He, however, remains skeptical about how safe the money, prisoners will be working for, is. He says that there should be a clear process of how prisoners get the jobs and how their money is paid to them, whether in hard cash or to their bank accounts.

Deviating from Opolot's thinking, but in support of Musiime's view, is Derrick Ssenyonga. He says that prisoners were not being paid all along yet they were working like horses.

"If someone wanted to use prisoners to work on their farm or for any labor, they would contact the Officer in Charge (OC) of the station and he/she who would charge a fee and I don't know where it would go, and later release a number of prisoners to go and work. The only demand is, transport and feed them.This is absolutely a good call from Byabasaija," Ssenyonga appreciated.

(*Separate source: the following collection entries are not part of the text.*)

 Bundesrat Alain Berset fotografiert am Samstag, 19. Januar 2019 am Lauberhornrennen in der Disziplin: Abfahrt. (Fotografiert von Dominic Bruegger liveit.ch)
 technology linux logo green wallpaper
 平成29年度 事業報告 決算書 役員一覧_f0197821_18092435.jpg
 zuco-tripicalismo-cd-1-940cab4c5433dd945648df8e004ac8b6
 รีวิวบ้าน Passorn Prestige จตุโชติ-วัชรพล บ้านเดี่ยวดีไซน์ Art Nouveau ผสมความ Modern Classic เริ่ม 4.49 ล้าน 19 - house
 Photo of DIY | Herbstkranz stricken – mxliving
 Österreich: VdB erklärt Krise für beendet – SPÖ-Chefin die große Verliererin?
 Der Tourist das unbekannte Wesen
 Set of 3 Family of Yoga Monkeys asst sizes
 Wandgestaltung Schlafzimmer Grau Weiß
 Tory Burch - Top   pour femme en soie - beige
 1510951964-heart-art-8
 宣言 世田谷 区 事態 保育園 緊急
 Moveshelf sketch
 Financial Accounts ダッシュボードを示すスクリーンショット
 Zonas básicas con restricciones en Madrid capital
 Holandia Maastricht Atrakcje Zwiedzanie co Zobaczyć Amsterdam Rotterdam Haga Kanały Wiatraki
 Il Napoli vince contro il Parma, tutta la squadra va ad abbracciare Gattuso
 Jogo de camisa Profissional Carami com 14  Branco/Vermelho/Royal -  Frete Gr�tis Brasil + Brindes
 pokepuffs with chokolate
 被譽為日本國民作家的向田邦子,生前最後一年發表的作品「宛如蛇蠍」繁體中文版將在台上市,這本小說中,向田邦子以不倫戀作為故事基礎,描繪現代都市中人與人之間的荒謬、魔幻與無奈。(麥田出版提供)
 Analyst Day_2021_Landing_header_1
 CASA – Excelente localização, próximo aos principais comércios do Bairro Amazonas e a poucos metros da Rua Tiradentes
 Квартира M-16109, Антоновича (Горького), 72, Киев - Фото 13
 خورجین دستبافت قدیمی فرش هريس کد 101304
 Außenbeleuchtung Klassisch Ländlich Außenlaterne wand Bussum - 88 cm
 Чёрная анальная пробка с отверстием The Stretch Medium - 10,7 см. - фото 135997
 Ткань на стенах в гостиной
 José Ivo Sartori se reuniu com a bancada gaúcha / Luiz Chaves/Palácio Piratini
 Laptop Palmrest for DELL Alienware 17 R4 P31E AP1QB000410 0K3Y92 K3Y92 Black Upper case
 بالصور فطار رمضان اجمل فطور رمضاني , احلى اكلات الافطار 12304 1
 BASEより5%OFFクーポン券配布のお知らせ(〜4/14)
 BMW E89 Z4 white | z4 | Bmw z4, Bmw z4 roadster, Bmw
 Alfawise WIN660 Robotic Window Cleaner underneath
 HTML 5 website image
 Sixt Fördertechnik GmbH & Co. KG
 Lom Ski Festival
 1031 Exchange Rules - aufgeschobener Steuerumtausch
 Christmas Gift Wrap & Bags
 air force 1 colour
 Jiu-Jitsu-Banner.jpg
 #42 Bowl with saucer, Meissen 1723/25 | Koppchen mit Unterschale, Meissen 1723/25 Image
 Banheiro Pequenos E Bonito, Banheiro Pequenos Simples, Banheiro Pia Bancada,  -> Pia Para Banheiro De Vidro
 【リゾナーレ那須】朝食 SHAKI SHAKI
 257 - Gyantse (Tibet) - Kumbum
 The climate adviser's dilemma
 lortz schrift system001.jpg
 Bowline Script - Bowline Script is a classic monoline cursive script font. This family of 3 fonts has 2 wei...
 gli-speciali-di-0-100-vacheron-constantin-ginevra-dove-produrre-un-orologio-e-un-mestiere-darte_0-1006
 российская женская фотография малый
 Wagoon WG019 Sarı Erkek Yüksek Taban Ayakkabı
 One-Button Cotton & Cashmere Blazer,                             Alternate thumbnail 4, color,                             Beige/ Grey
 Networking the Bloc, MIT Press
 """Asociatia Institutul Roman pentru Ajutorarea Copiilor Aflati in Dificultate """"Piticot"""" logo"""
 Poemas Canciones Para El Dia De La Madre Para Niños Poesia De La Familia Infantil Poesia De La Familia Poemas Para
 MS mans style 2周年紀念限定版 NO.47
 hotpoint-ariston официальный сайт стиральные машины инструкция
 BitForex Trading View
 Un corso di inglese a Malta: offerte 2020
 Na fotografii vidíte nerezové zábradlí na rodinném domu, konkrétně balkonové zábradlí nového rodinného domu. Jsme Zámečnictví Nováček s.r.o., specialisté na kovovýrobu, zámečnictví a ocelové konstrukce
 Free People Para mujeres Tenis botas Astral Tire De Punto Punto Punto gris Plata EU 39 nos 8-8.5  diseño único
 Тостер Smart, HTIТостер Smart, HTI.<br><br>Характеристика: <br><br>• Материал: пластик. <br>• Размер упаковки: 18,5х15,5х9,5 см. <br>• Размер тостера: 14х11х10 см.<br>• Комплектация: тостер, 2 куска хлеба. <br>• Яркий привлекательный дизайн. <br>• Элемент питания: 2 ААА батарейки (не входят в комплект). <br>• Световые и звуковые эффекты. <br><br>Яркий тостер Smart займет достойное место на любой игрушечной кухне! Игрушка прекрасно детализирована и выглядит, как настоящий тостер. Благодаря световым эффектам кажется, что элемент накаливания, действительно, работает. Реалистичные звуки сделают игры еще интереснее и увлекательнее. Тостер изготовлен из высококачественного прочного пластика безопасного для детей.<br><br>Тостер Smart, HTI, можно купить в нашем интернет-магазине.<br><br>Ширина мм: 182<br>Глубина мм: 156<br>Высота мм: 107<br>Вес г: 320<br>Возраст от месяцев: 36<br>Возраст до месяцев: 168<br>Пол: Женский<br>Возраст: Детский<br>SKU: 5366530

For Yvonne Waters Nakhaima, who stays in Entebbe, Byabashaija's strategy deserves credit, even though it has loopholes including whether those serving a life sentence will also be paid. "He couldn't have said it any better. Denying them pay after offering their services would indeed be slavery and long gone are the days people had to undergo such a condition of work without pay.

"But I prefer the Kenyan system where one works and the jail term is reduced, plus a presidential pardon. At the end of it, they even ensure after serving your term, you have something to do. For example, if its carpentry they give you the tools so that you can keep using your skill to earn a living at the end of the day," Nakhaima said.